Wo warst du gewesen, bevor du gestern nach Hause gefahren bist.
Wo bist du gewesen, nachdem du gestern nach Hause gefahren warst.

Nicht selten wird aber in beiden Teilsätzen die gleiche Zeitform gewählt. Das ist akzeptabel, weil immer noch verständlich ist, welche Aktion zuerst stattfand. Hier der erste Satz nochmals als Beispiel in inkorrekter Form:

Wo warst du gewesen, bevor du gestern nach Hause gefahren warst.
Wo bist du gewesen, bevor du gestern nach Hause gefahren bist.

Häufig wird aber auch die grammatische Form der Vorvergangenheit in Verbindung zur Gegenwart verwendet. Ich kann nicht begründen warum, eine schwache Vermutung habe ich oben im Kommentar erwähnt, bin aber selbst nicht sehr davon überzeugt.

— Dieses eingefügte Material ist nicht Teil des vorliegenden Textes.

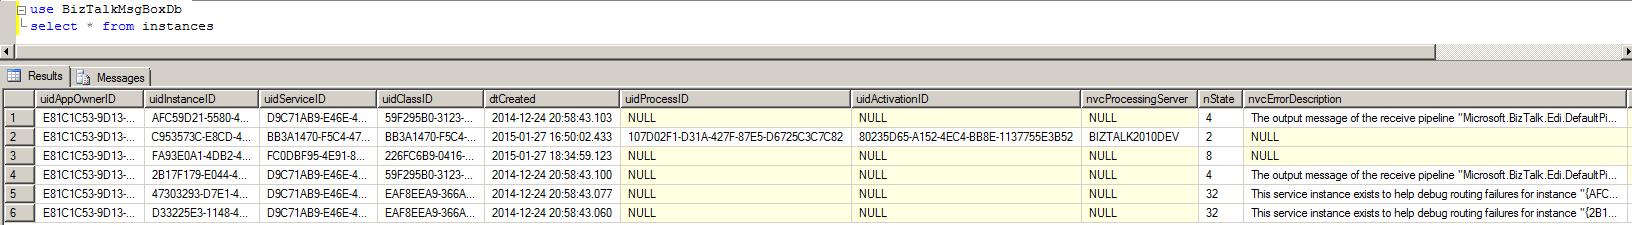 BiztalkMsgBoxDB_Instances_data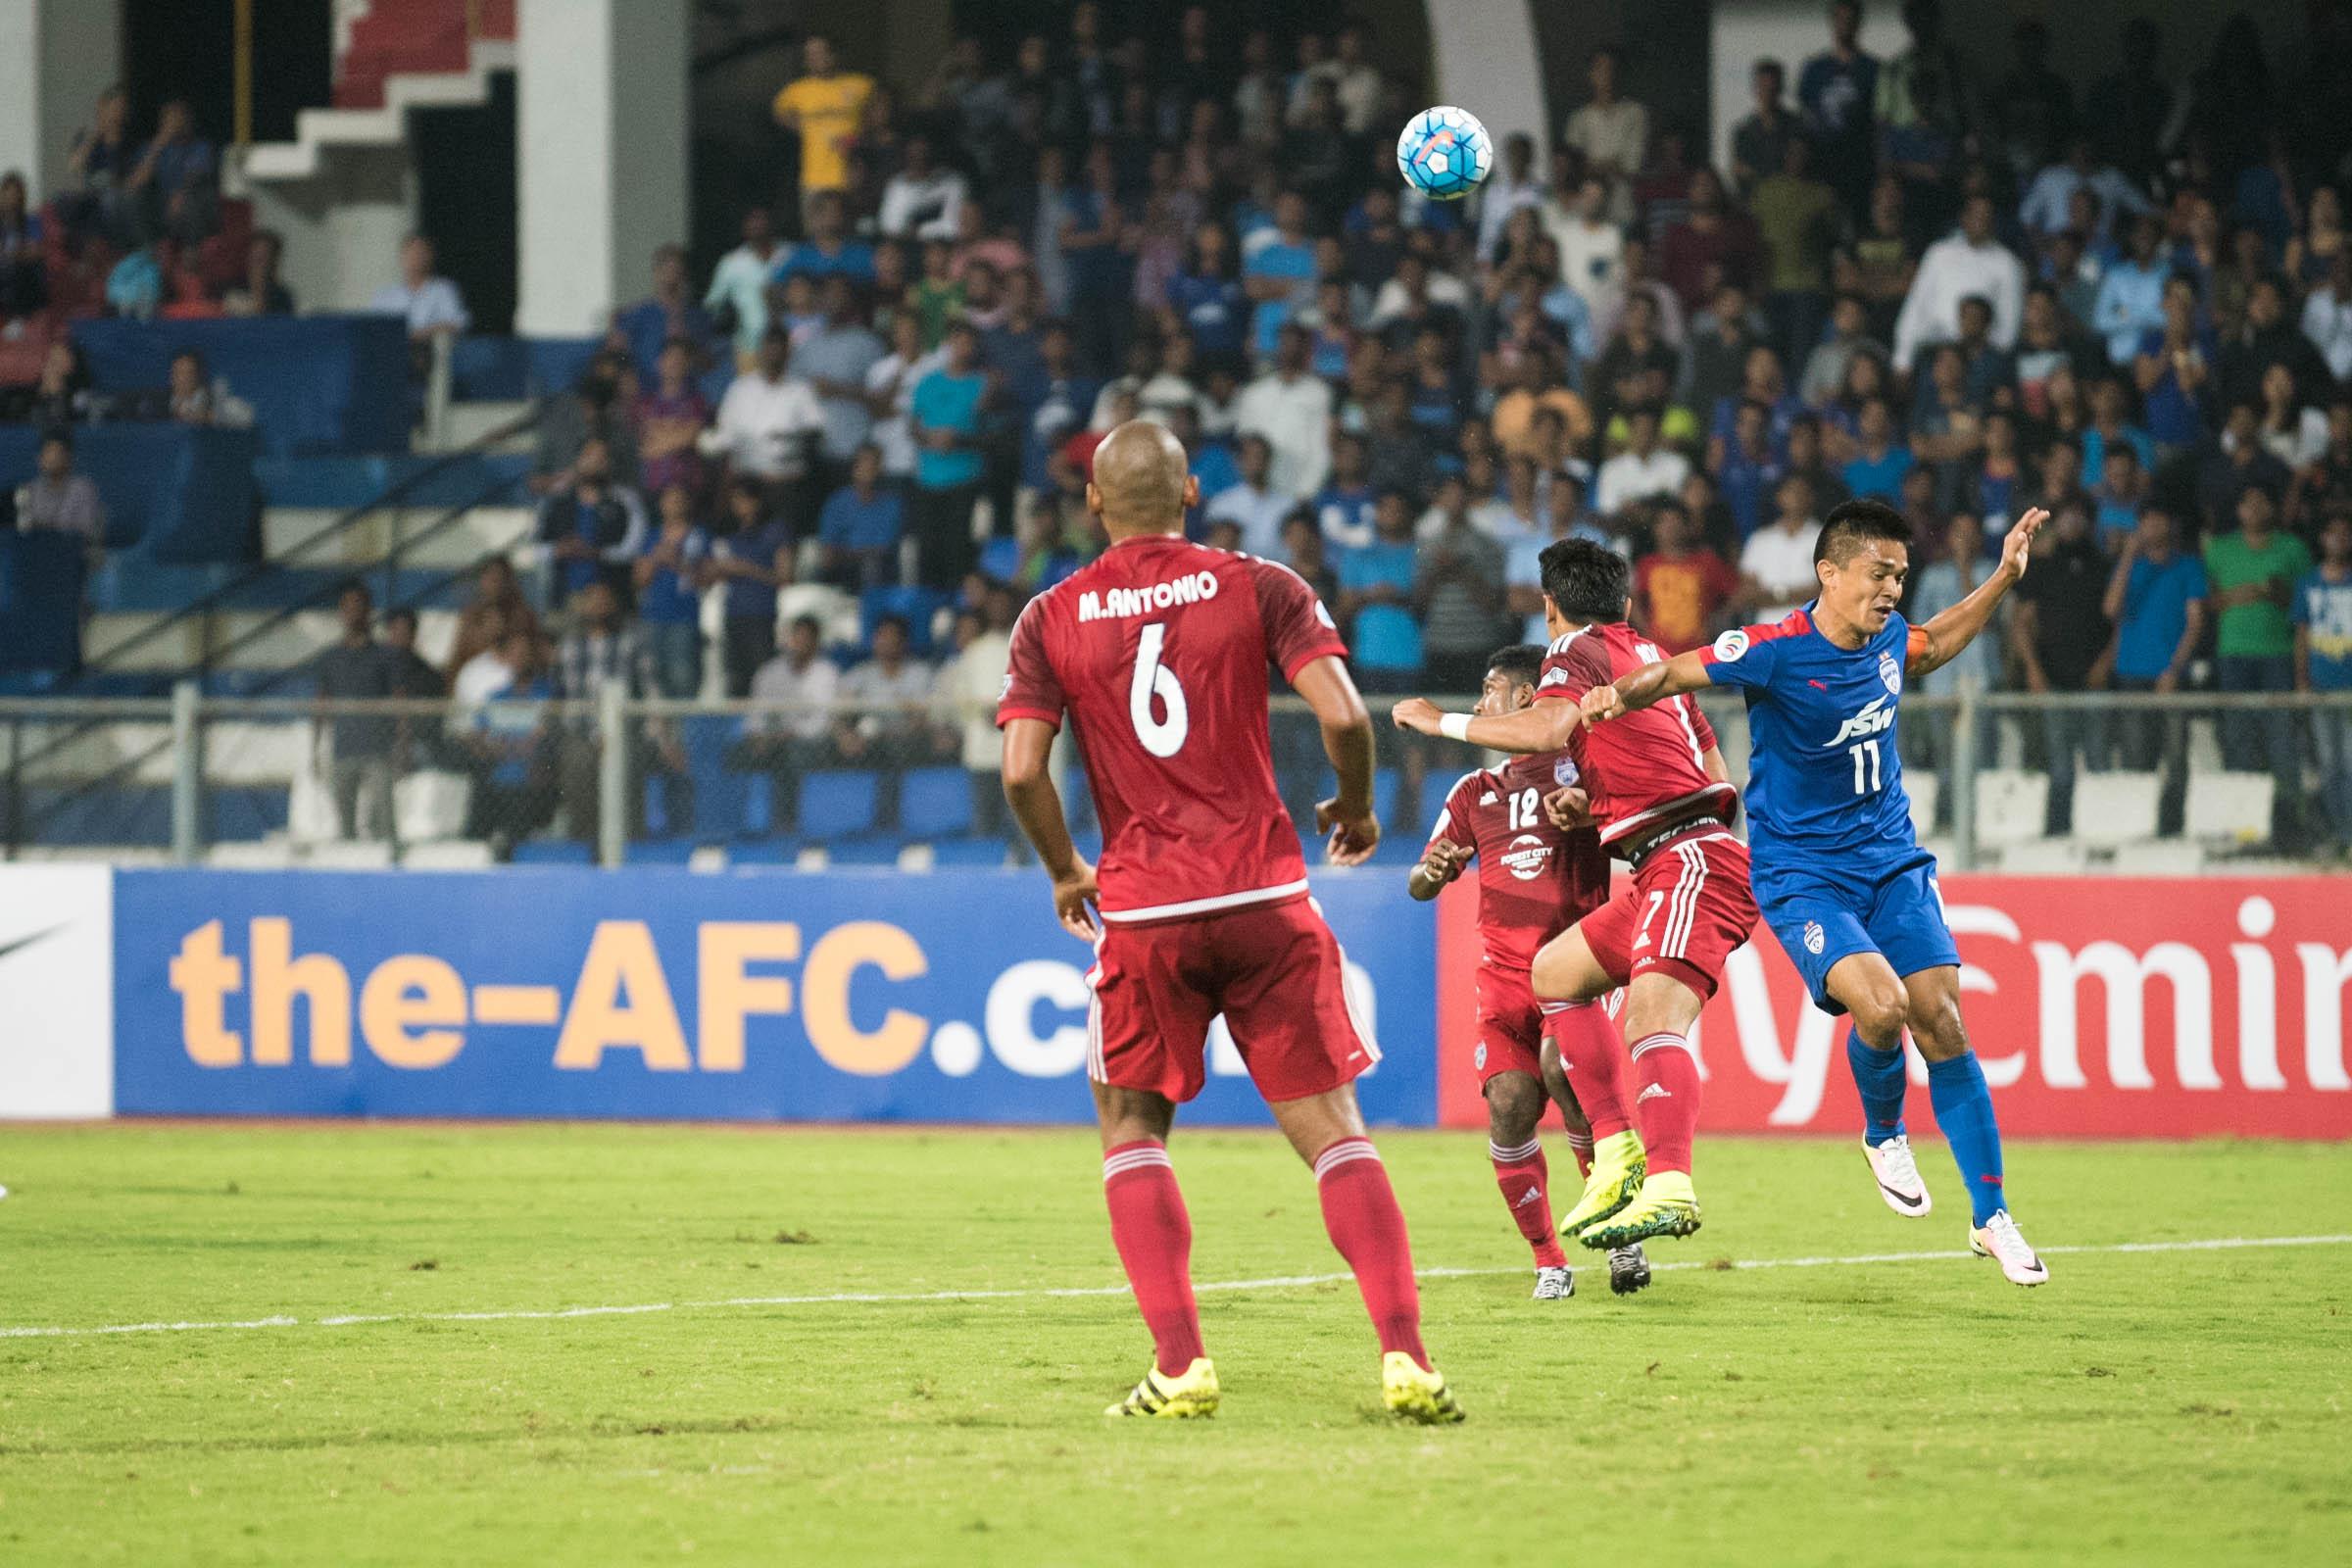 Analisis Taktikal Piala AFC: Bengaluru Pasukan Yang Lebih Baik Secara Taktikal  ...

Begründen könnte man aber, warum der Sprecher in diesem konkreten Beispiel zur Vorvergangenheit gegriffen hat. Der Satz kann so wie er dort steht durchaus aus das Gefühl vermitteln, dass es sich um zwei Aktionen handelt, die in der Vergangenheit nacheinander stattfanden.

  1. Helmut Schmidt starb.
  2. Alle Menschen trauern seitdem.

Das ist aber im Beispiel nicht ganz richtig. Die beiden Fakten (Tod + Trauer) liegen im ersten Teil des Satzes bereits vor.

Der Tod hat Trauer ausgelöst.

Genau das beschreibt jetzt unseren Referenzzeitpunkt, und dieser entspricht dem Zeitpunkt des Todes. Die Tatsache, dass "der Politiker gestern im Alter von 96 Jahren starb", liegt nicht vor dem Todeszeitpunkt, sondern beschreibt den selben Zeitpunkt. Es handelt sich hier nur um einen weiteren Fakt, der vollkommen unabhängig zur ausgelösten Trauer ist. Korrekt ist also:

Der Tod hat Trauer ausgelöst. Er ist gestern im Alter von 96 Jahren gestorben.

Damit Plusquamperfekt berechtigt wäre, müsste der Satz etwa wiefolgt lauten:

Nachdem gestern im Alter von 96 Jahren Helmut Schmidt gestorben war, wurde Trauer über seinen Tod ausgelöst.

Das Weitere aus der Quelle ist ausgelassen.